Group Relative Policy Optimization introduces a further refinement by comparing performance across candidate action groups or agent clusters, using relative, rather than absolute, advantage measures. UARPO embeds uncertainty quantification directly into this paradigm, integrating uncertainty-adjusted relative advantages at the group or token level for gradient modulation (Wang et al., 10 Sep 2025).

The general UARPO scheme can be formalized as optimizing an objective of the form:

$J_{UARPO}(\theta) = \mathbb{E}\left[ \sum_{i=1}^G \sum_{t=1}^{|o_i|} \min \left\{ r_{i,t}(\theta) \cdot \widehat{A}^I_{i,t} \cdot \widehat{U}_{i,t},\ \text{clip}(r_{i,t}(\theta), 1-\epsilon, 1+\epsilon) \cdot \widehat{A}^I_{i,t} \cdot \widehat{U}_{i,t} \right\} - \beta D_{KL}[\pi_\theta \| \pi_{ref}] \right]$

where advantage and uncertainty terms can be instantiated along in-group, cross-group, and sample-wise axes.

2. Uncertainty Quantification and Integration

a.
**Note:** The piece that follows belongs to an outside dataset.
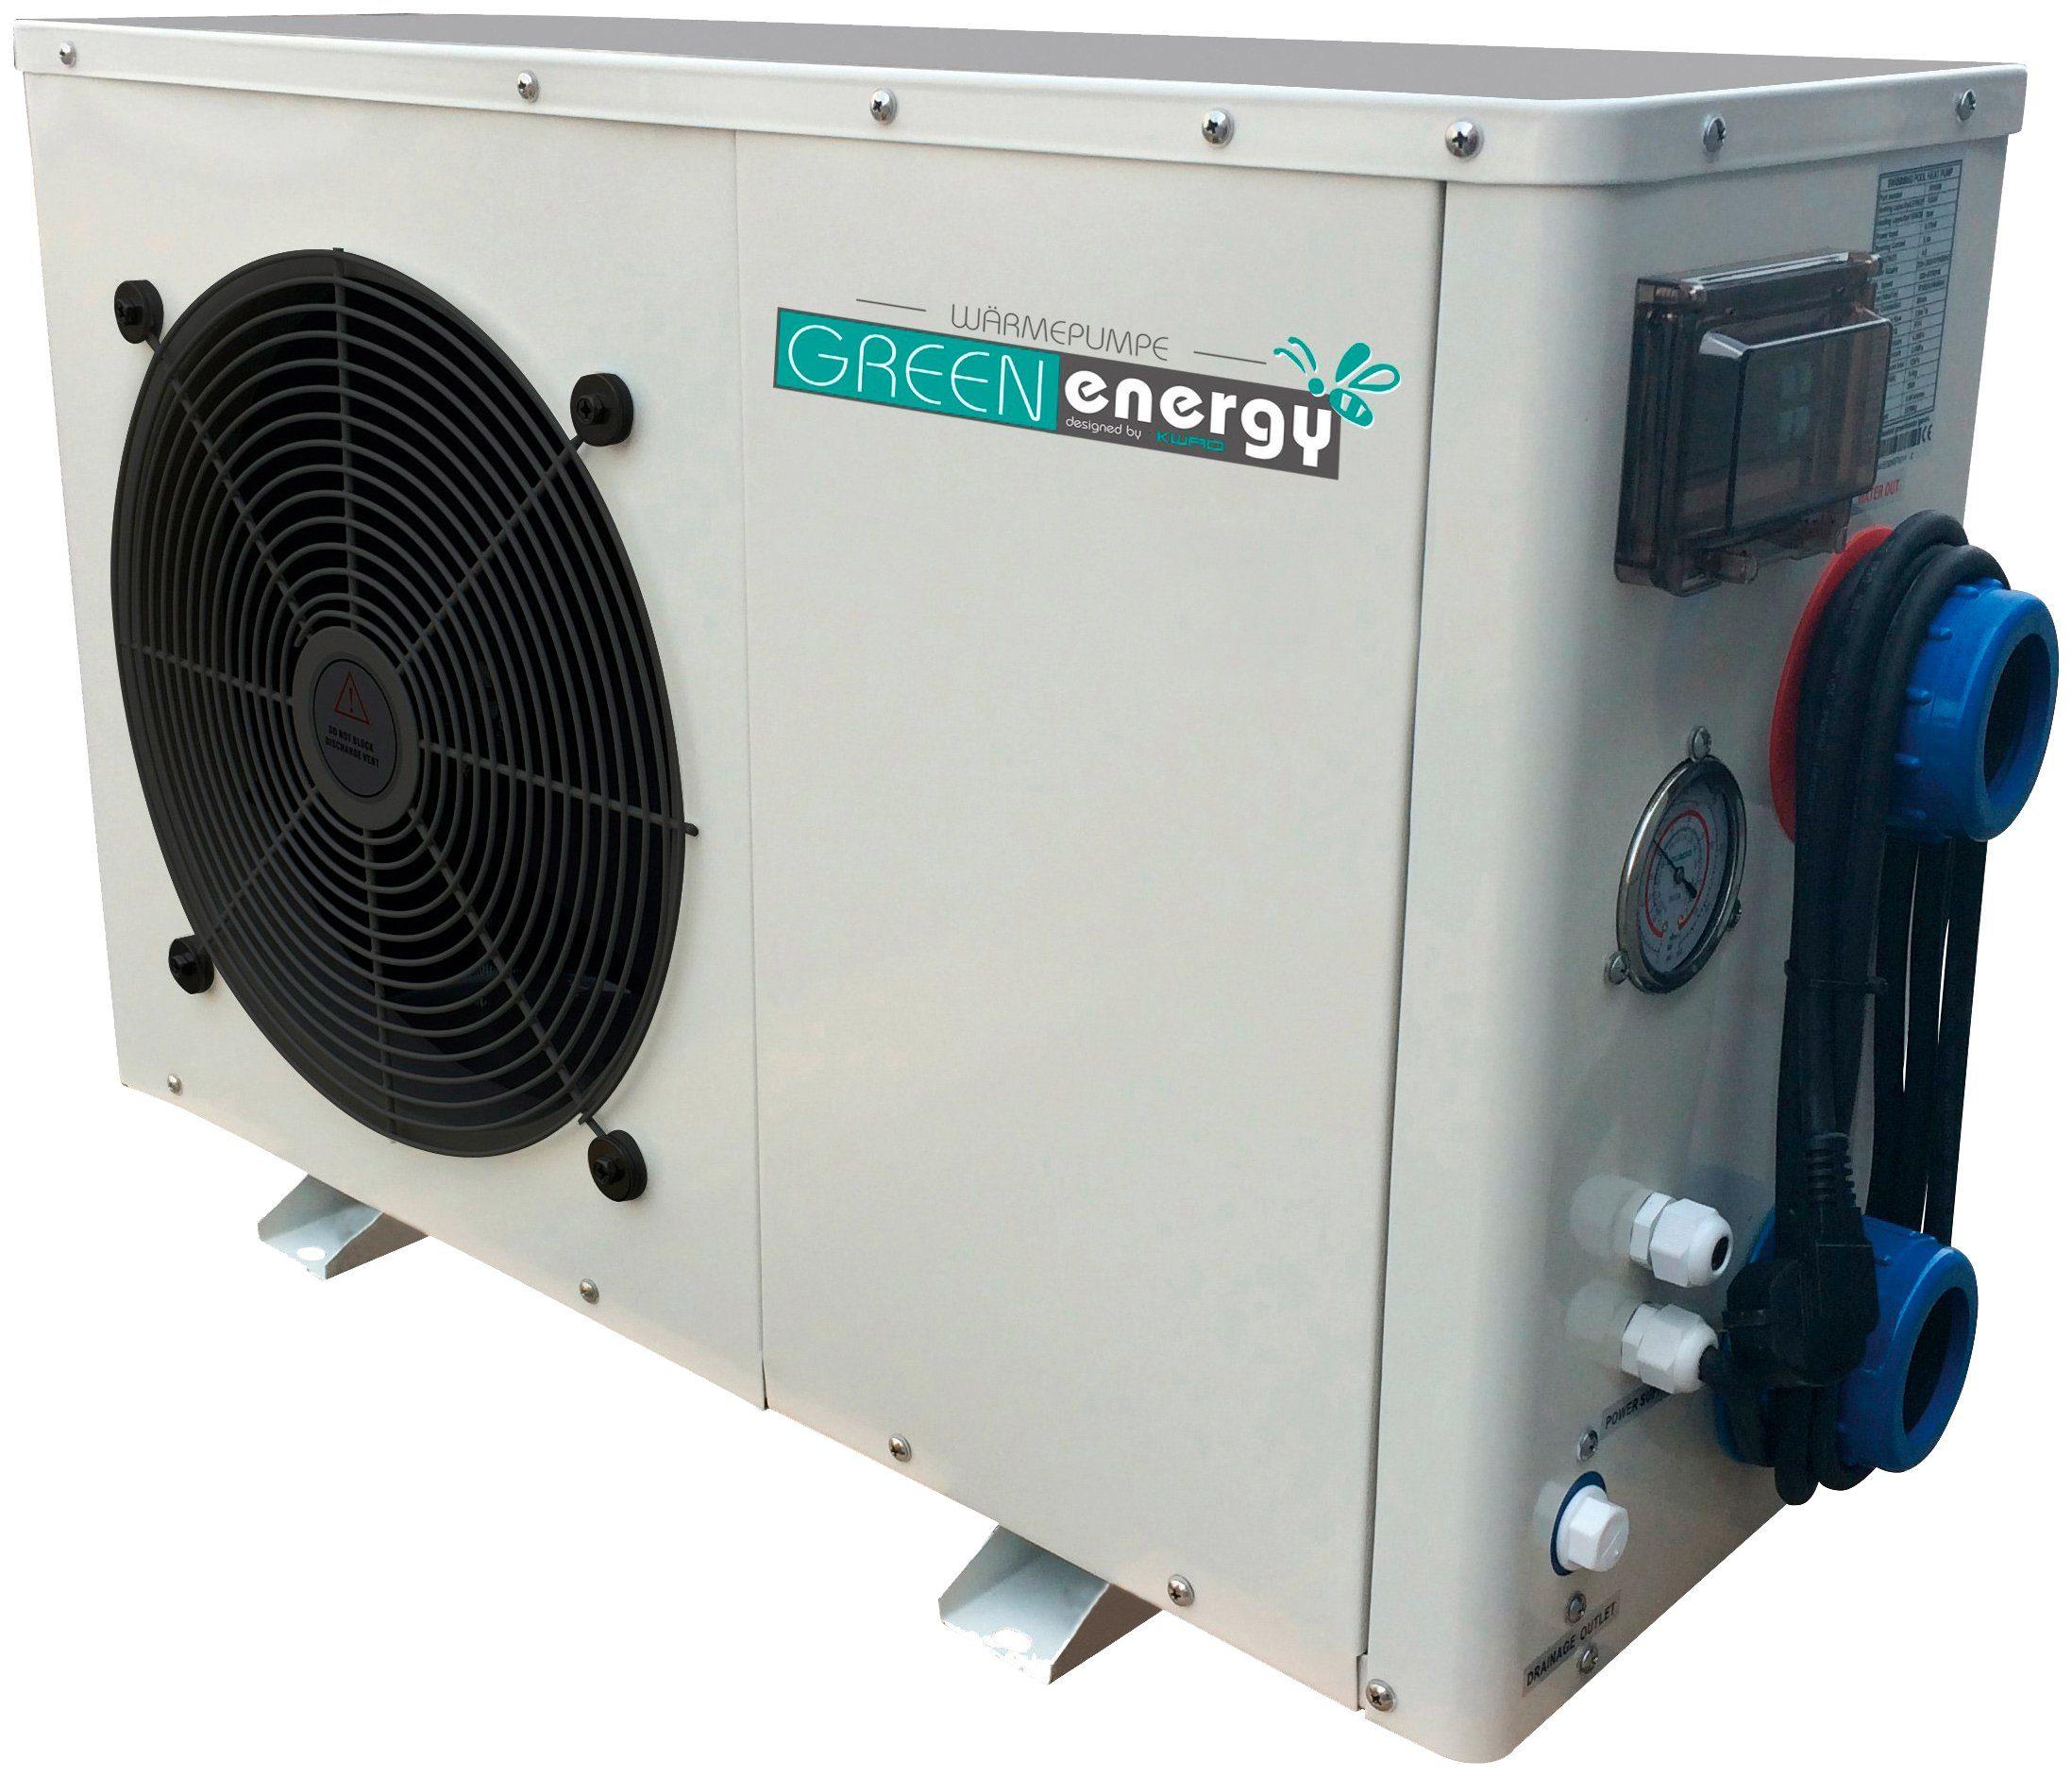 KWAD Wärmepumpen »Green Energy 10«, für Pools bis 45.000 l

Uncertainty Estimation

UARPO incorporates uncertainty through various mechanisms—predictive variance in learned dynamics models, epistemic uncertainty over Q-values, semantic entropy for LLMs, or explicit confidence scores in multimodal architectures:

Model-based RL: Predictive posterior distributions or model ensembles are used to estimate the transition kernel uncertainty, which is then regularized or penalized in the policy gradient computation (Vuong et al., 2019, Zhou et al., 2019).
Value-based RL: Tight upper bounds on Q-value variance are propagated via a Bellman-style recursion, yielding a local and global estimate of uncertainty for policy updates (Zhou et al., 2019).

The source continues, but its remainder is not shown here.